My incident also didn't appear to be sound induced. It started after swimming, or that was the issue that broke the camels back. I was having fun with the kids and showing them how dad could make huge splashes. Something about the water displacement, then it rushing back around my head as the huge WOOOOOSH THUD forms, then instantly sinking down 8 feet seems to have done it. I had also started drumming so perhaps the high-hats contributed... but it happened on that day.

In studying Hyperacusis I found there can be psychological issues over time. Some people do well with counseling and a support group environment. My community is too small for that, however there some offices that do treatments for Tinnitus and Hyperacusis. I'm finally at the point that I am pursuing it. I've heard of Tinnitus retraining therapy as well, I'm skeptical but I will check it out. I've also heard that drugs and that really do nothing more than what a placebo would.

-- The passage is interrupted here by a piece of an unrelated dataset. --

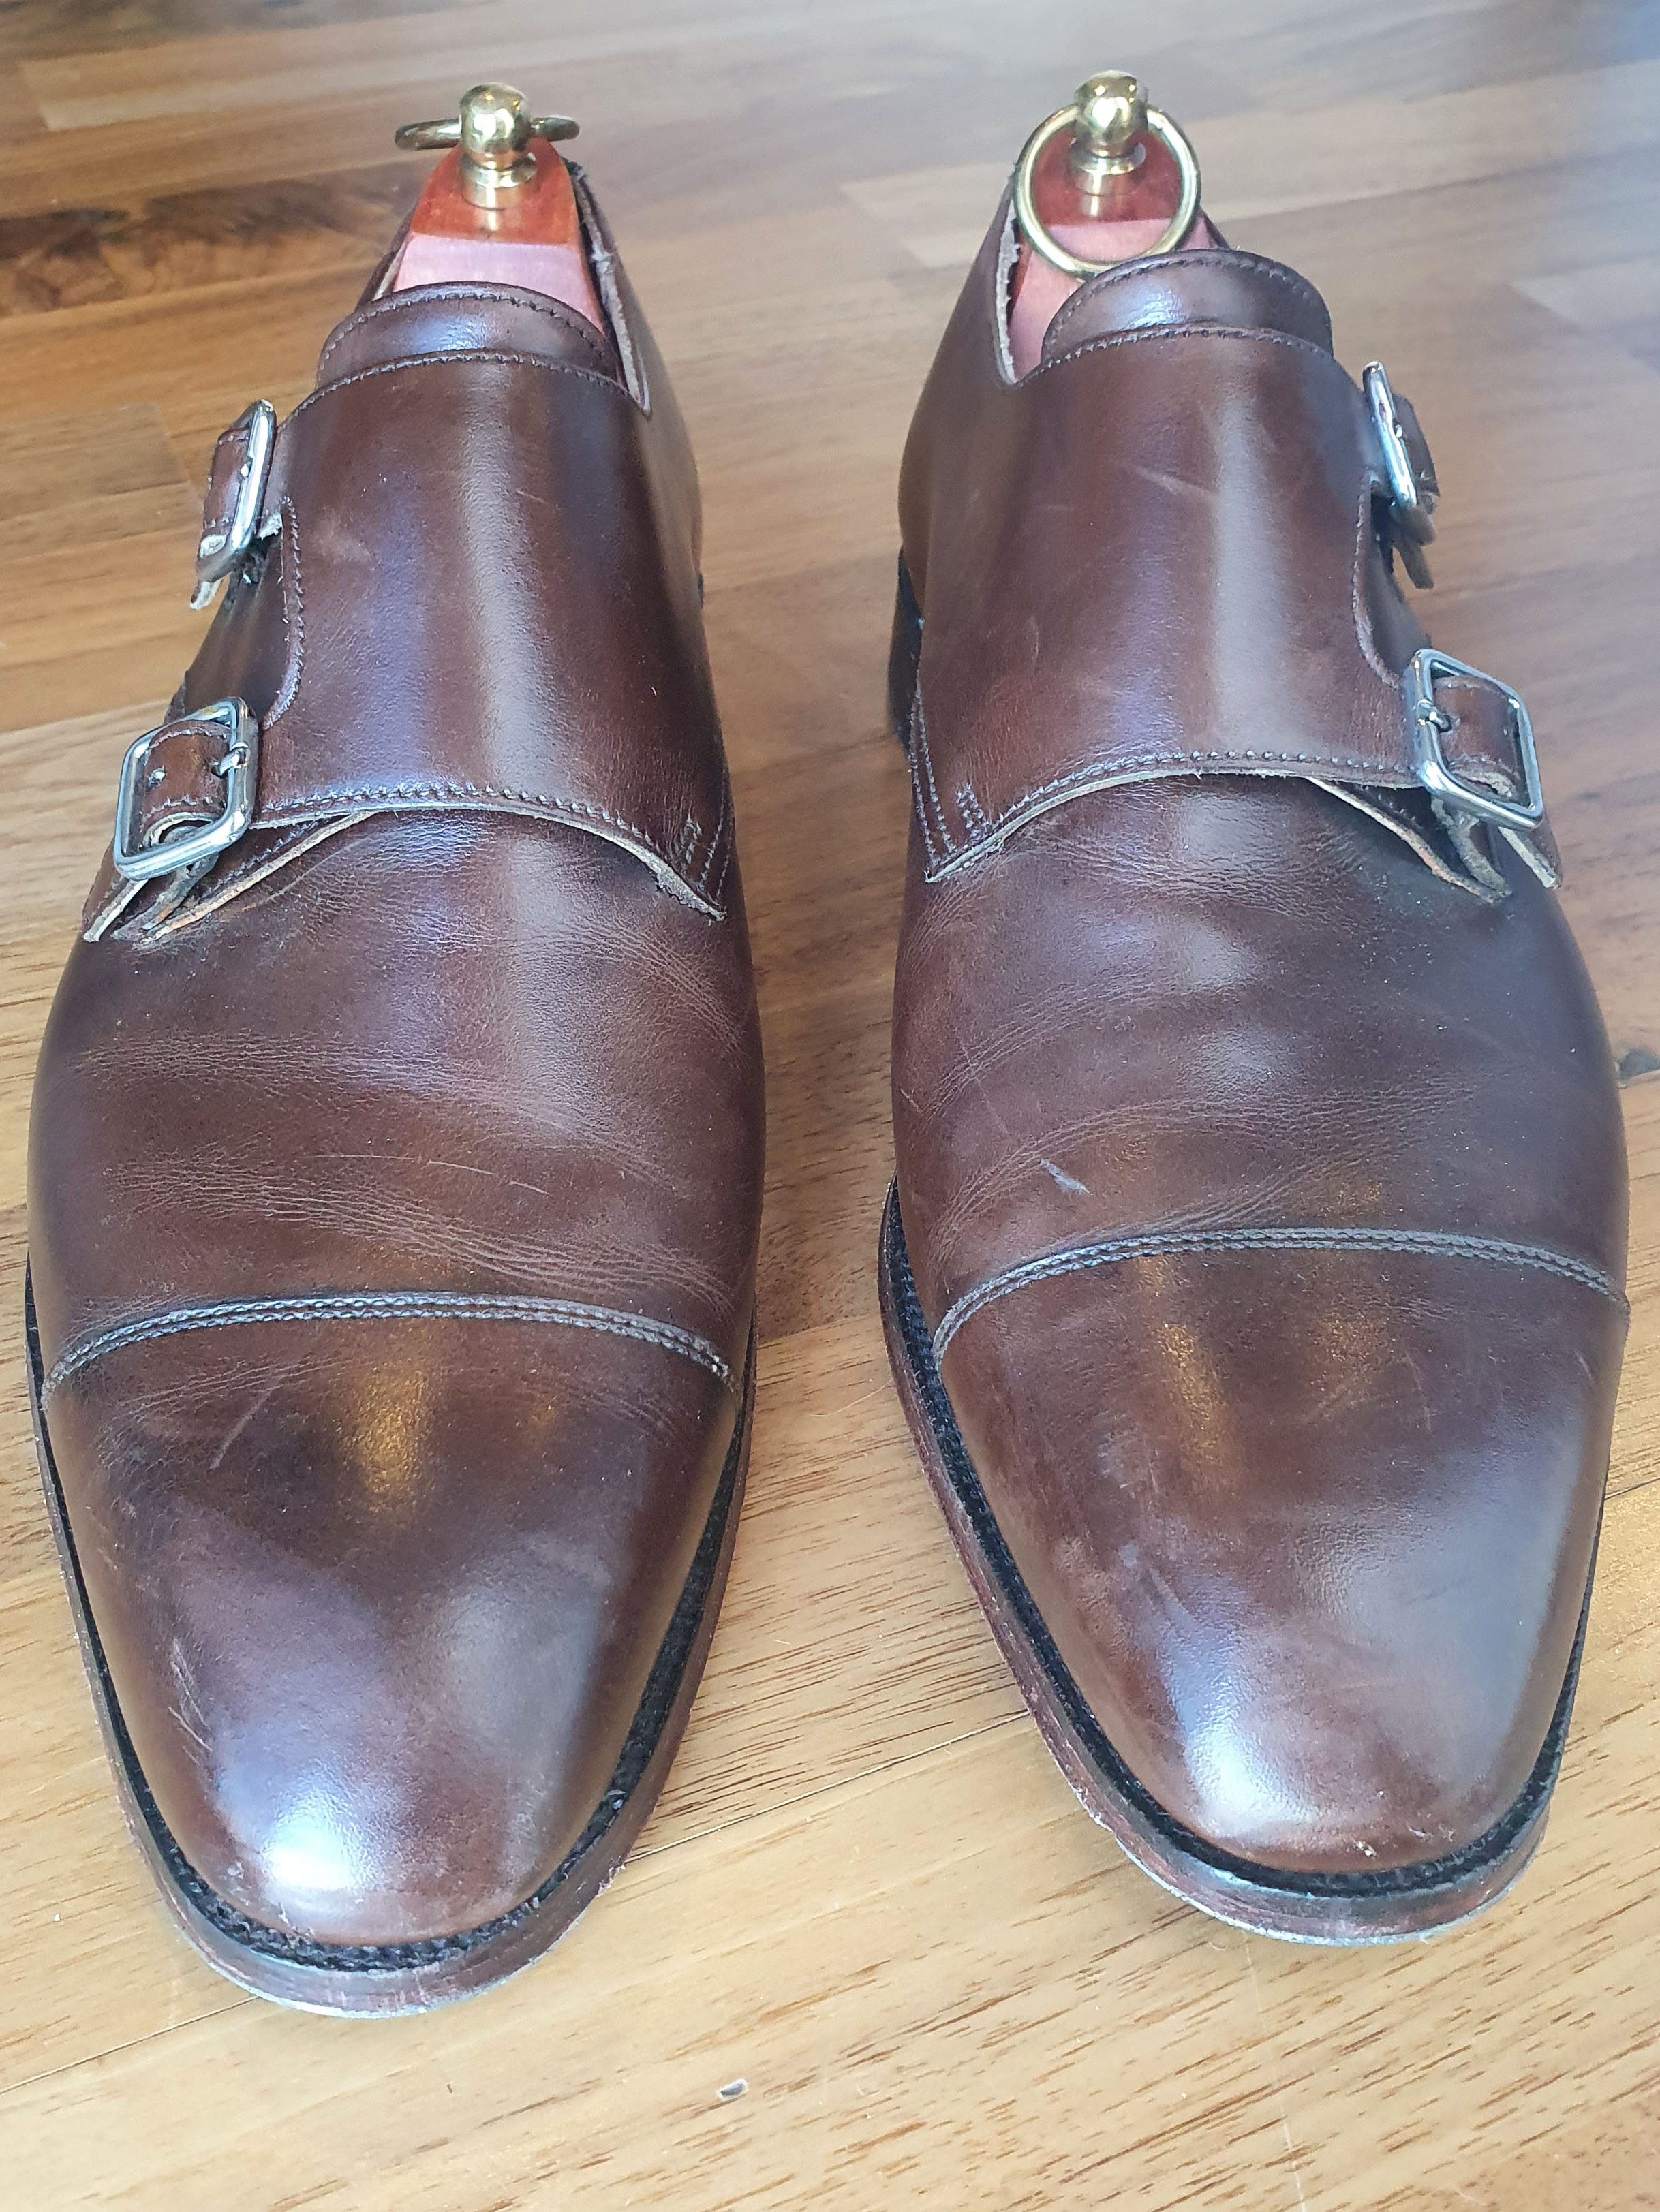 Scuffed pair of brown Crockett & Jones double monk shoes
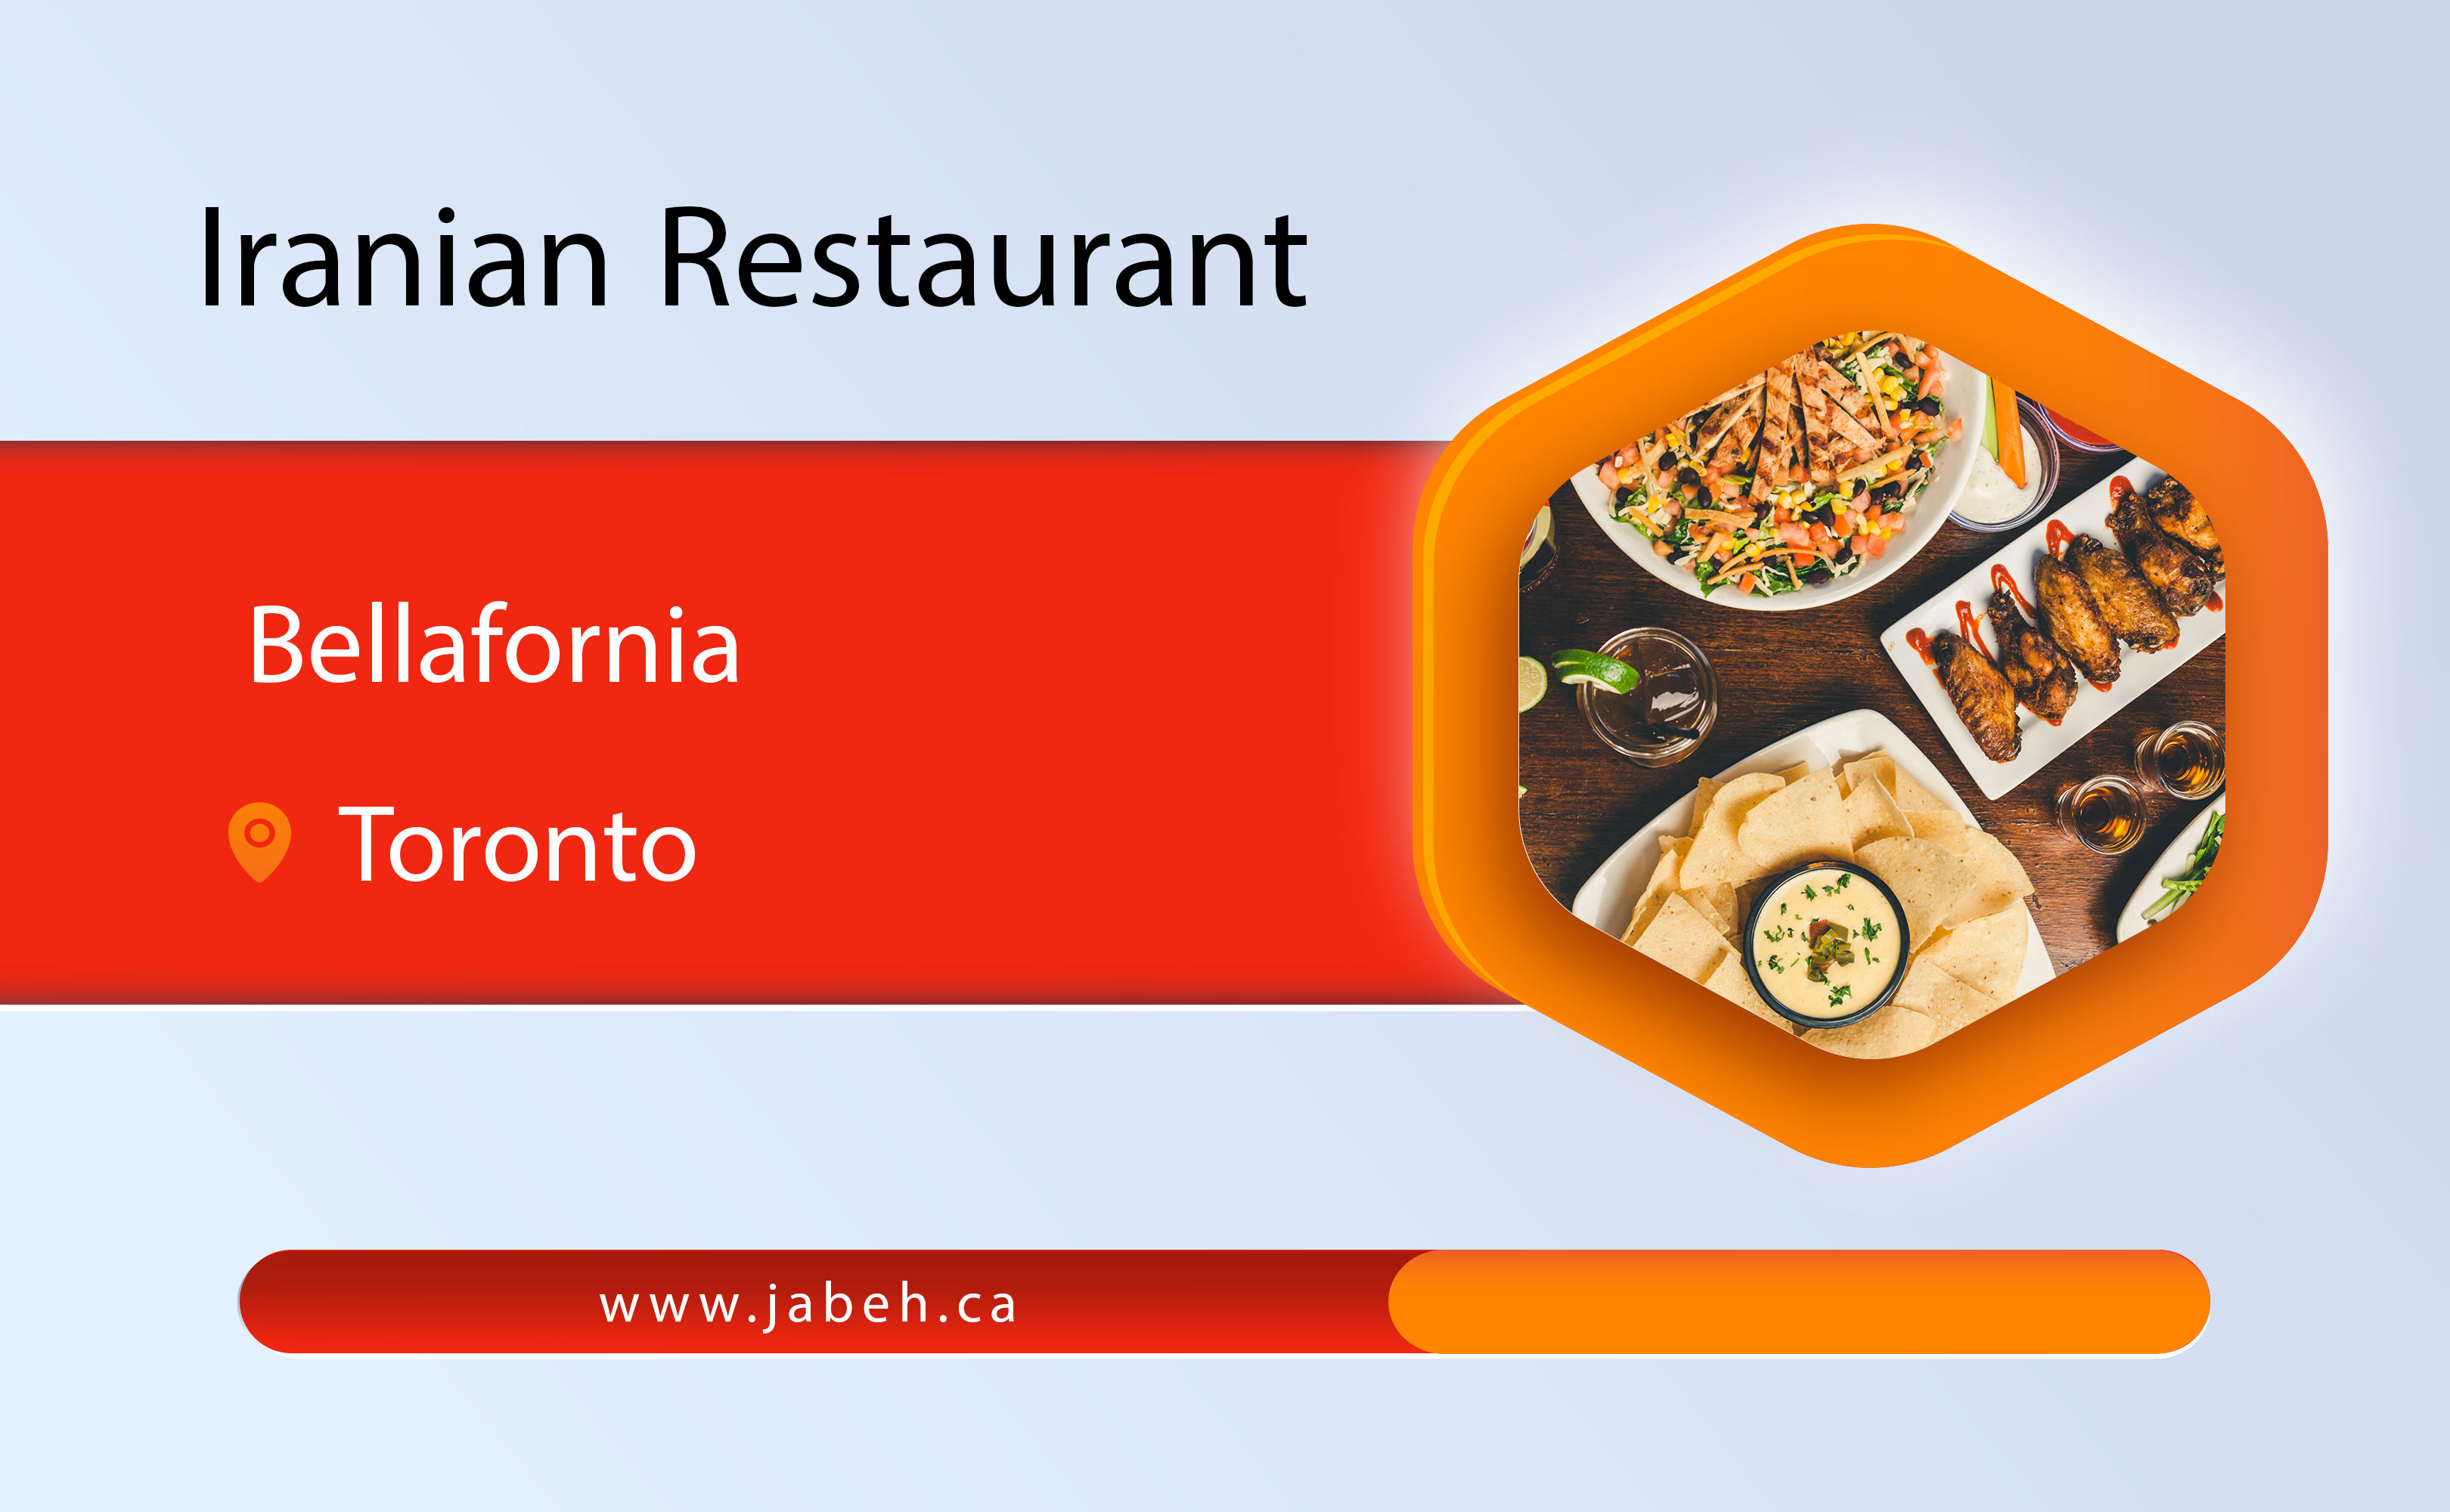 Iranian restaurant in Toronto, Florida

I know someone who had mono and had Hyperacusis as bad as mine in that time frame. But the Hyperacusis left with the mono. That got me thinking it was pressure related. I started pressing on my head and found some interesting points. If I push hard just above my ear that rings that most, the ringing increases substantially. Also if I turn my head very far to one direction. This stretches the SCM muscle (sternocleidomastoid) which attaches by the base of the ear. Again, pressure. Things I will discuss with my Otorhinolaryngology (ENT) at my next appointment.

50 years Birdbrain... YIKES!! Most people I ask who wear hearing aids don't like them, but find they need them. Seems to be a balance of how bad the need is for the benefit. They seem worst in group atmosphere's. The prices are shocking and make no sense to me. You can get custom molded in-ear monitors for substantially less. You can buy in-ear products that have an app where you can adjust volume AND frequency on the fly. I'm guessing that a lot of the price is for the ongoing adjustments and so forth. If a top-of-the-line, super high-tec cell phone is $1000, how can hearing-aids be $2000??

Getting my mind off it is key. Classical guitar allows me to play with no pain at all. So that's a nice break. Now I'm seeing if I can get closer to what I used to do and maybe do more. We'll see if I can find something in the arch top electric realm.

Thanks for the input!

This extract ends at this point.